Keine 24 Stunden nach seiner Wahl zum Papst hat Leo XIV. seine erste Predigt im neuen Amt gehalten. Darin skizziert er die schwierige Lage für Christen in der Gegenwart. Und warnt vor dem Verlust des Glaubens.
Am ersten Tag nach seiner Wahl hat Papst Leo XIV. erste deutliche Akzente gesetzt. In einem Gottesdienst in der Sixtinischen Kapelle trat er bescheiden und ohne rote Papstschuhe vor die Kardinäle, die größtenteils zufriedene Gesichter machten. Seine offizielle Amtseinführung soll mit einem feierlichen Gottesdienst am 18. Mai auf dem Petersplatz gefeiert werden. Hierzu werden Staats- und Regierungschefs aus aller Welt sowie Hunderttausende Menschen erwartet. Auch weitere Termine wie Treffen mit der internationalen Presse und mit Diplomaten, das erste Mittagsgebet und die erste Generalaudienz stehen fest.
Fest steht auch – jedenfalls vorläufig – die “Regierungsmannschaft” des neuen Papstes: Bis auf weiteres bleiben alle Kurienmitarbeiter sowie Sekretäre und Präsidenten der Päpstlichen Kommission für den Staat Vatikanstadt im Amt. Mit dem Tod von Papst Franziskus hatten die meisten Behördenleiter im Vatikan ihre Stellungen laut Kirchenrecht automatisch verloren. Üblicherweise bestätigt aber der neu gewählte Papst sie zu Beginn seiner neuen Amtszeit dann wieder “bis auf Weiteres”.
Der 69-jährige Robert Francis Prevost war am Donnerstag zum Oberhaupt der rund 1,4 Milliarden Katholiken weltweit gewählt worden. Der langjährige Leiter des Augustinerordens ist der erste gebürtige US-Amerikaner im Papstamt, er hat auch die peruanische Staatsbürgerschaft. Zuletzt war er Leiter der vatikanischen Behörde, die unter anderem für die Bischofsernennungen zuständig ist.
Leo XIV. nutzte die Messe mit den Kardinälen, um in der Predigt sein Verständnis des Papstamtes zu erklären. Er stehe der Gesamtkirche in Liebe vor, sei “treuer Verwalter”, der sich klein mache und Christus in den Vordergrund seiner Arbeit stelle.

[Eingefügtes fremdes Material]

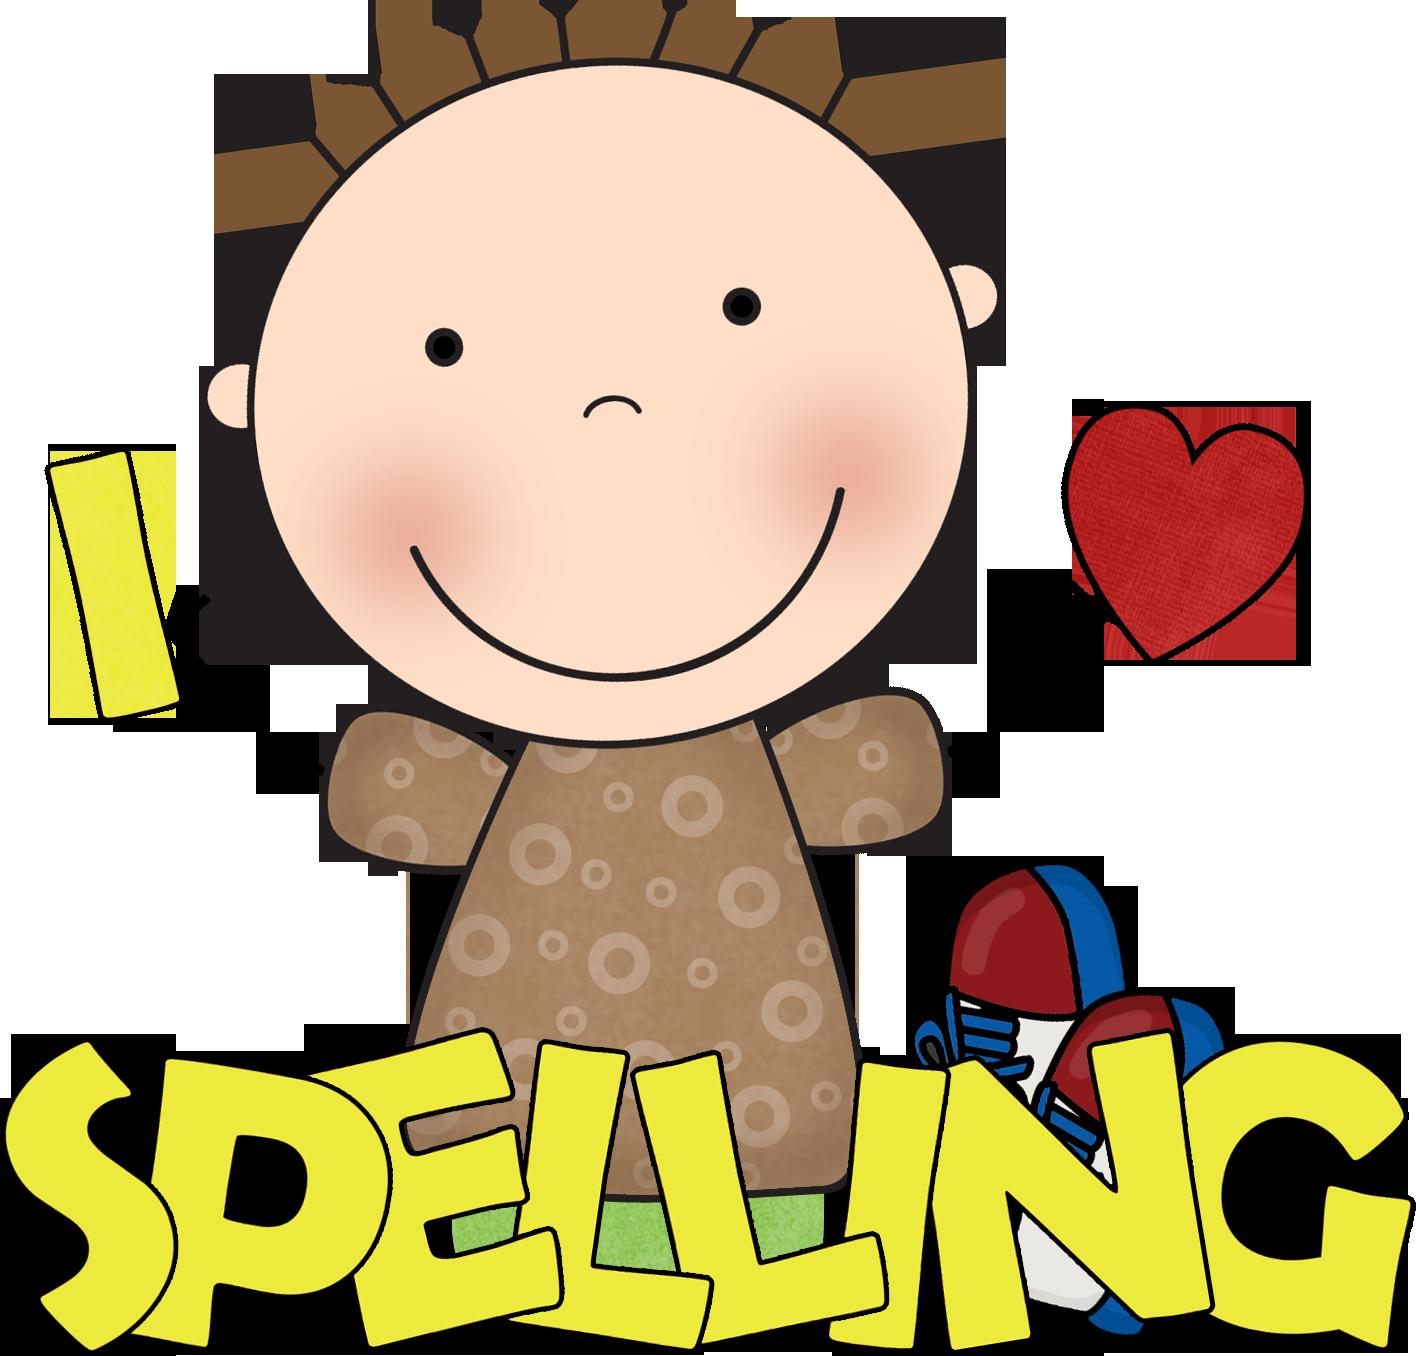 Spelling class clipartfox. Homework clipart word
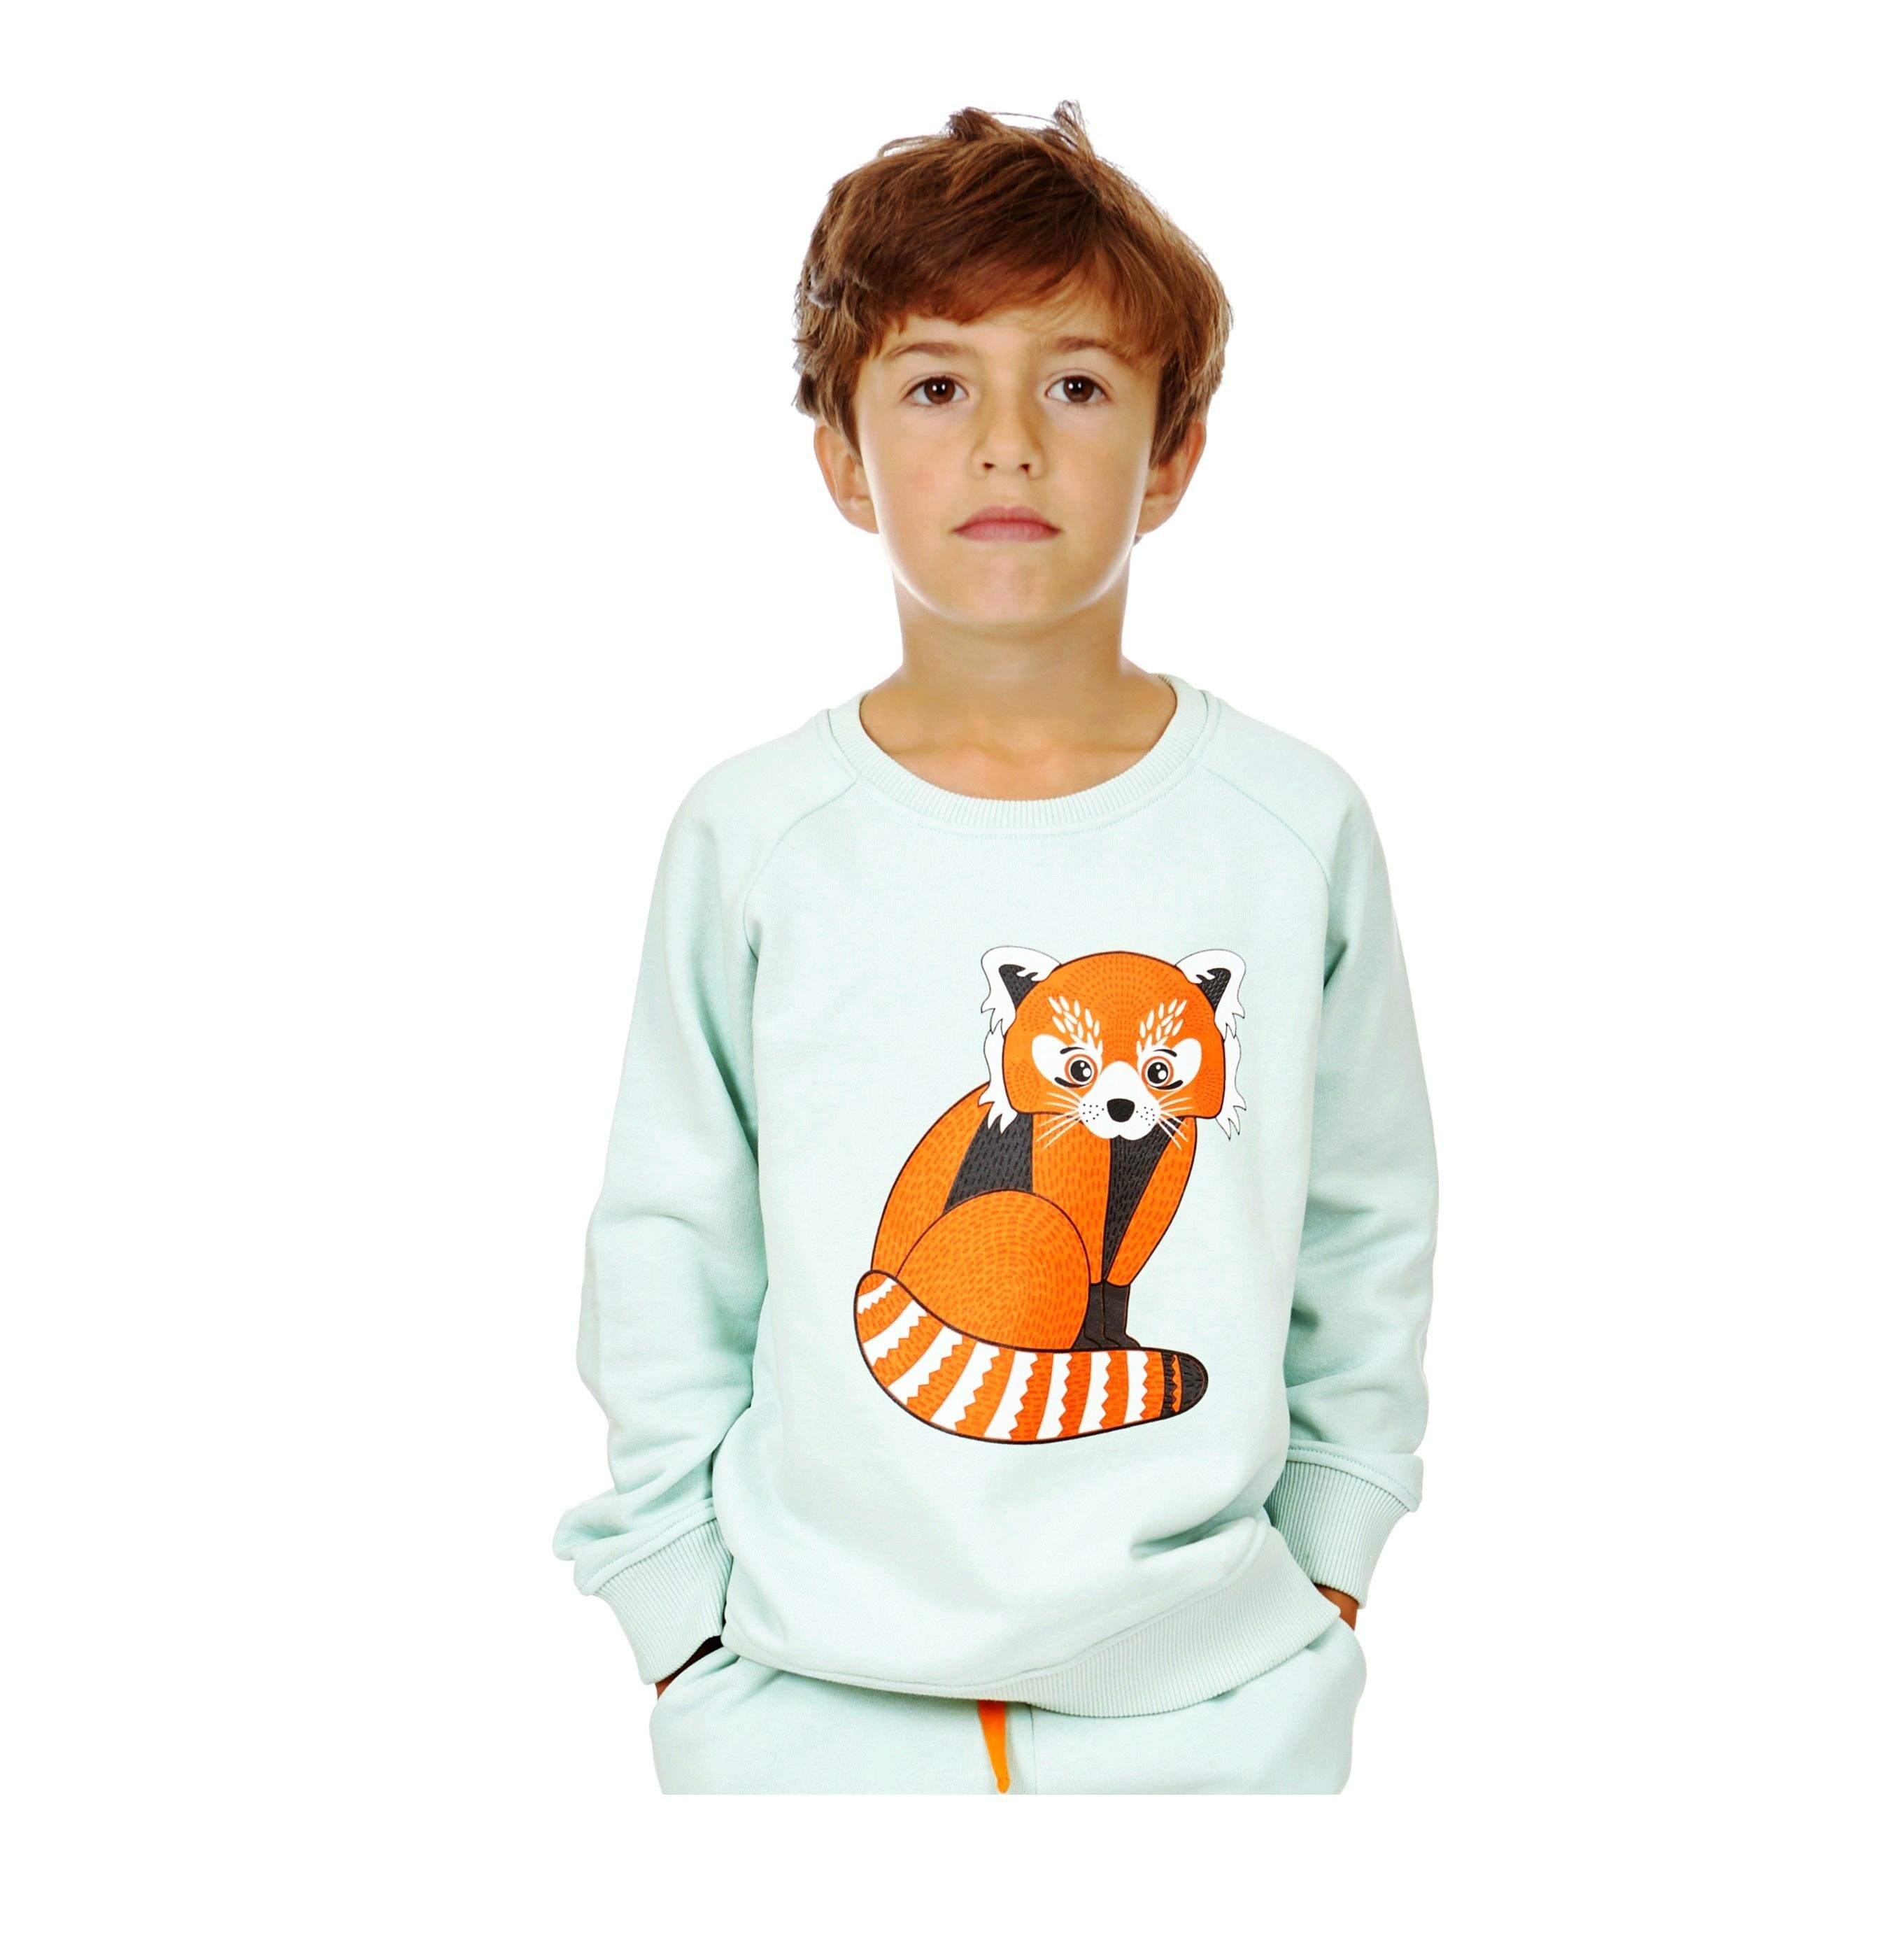 Sweatshirt Red Panda 2

Letztlich solle die Kirche “zu einer rettenden Arche, die durch die Wogen der Geschichte steuert, zu einem Leuchtturm, der die Nächte der Welt erhellt” werden. Nicht mit Prunk und Prachtbauten, sondern durch die Heiligkeit der Mitglieder. Auch auf Franziskus’ Erbe verwies Leo – zitierte ihn aber nur einmal indirekt. Alle übrigen Zitate in seiner Predigt kamen aus der Bibel oder aus Texten des Zweiten Vatikanischen Konzils.
In den Vordergrund seiner Ausführungen rückte er die “dramatischen Begleiterscheinungen” eines Mangels an Glauben. Der Sinn des Lebens gehe verloren, die Barmherzigkeit werde vergessen und die Würde des Menschen “in den dramatischsten Formen verletzt”, sagte das neu gewählte Kirchenoberhaupt. Weiter nannte er “die Krise der Familie und viele andere Wunden, unter denen unsere Gesellschaft nicht unerheblich leidet”.
Die Lage für Christen beschrieb er als herausfordernd. “Heute wird der christliche Glaube in nicht wenigen Fällen als etwas Absurdes angesehen, als etwas für schwache und wenig intelligente Menschen; vielfach werden andere Sicherheiten wie Technologie, Geld, Erfolg, Macht und Vergnügen bevorzugt.” Gläubige würden mitunter “verspottet, bekämpft, verachtet oder bestenfalls geduldet und bemitleidet”.
Jesus indes werde als eine Art “charismatischer Anführer oder Übermensch” gesehen, nicht nur von Nichtgläubigen, sondern auch von vielen Getauften, die so schließlich in einen faktischen Atheismus gerieten. Doch jeder Einzelne sei aufgefordert, wie Papst Franziskus es oft gelehrt habe, den freudigen Glauben an Christus zu bezeugen, bekräftigte Leo XIV. Das gelte auch für ihn.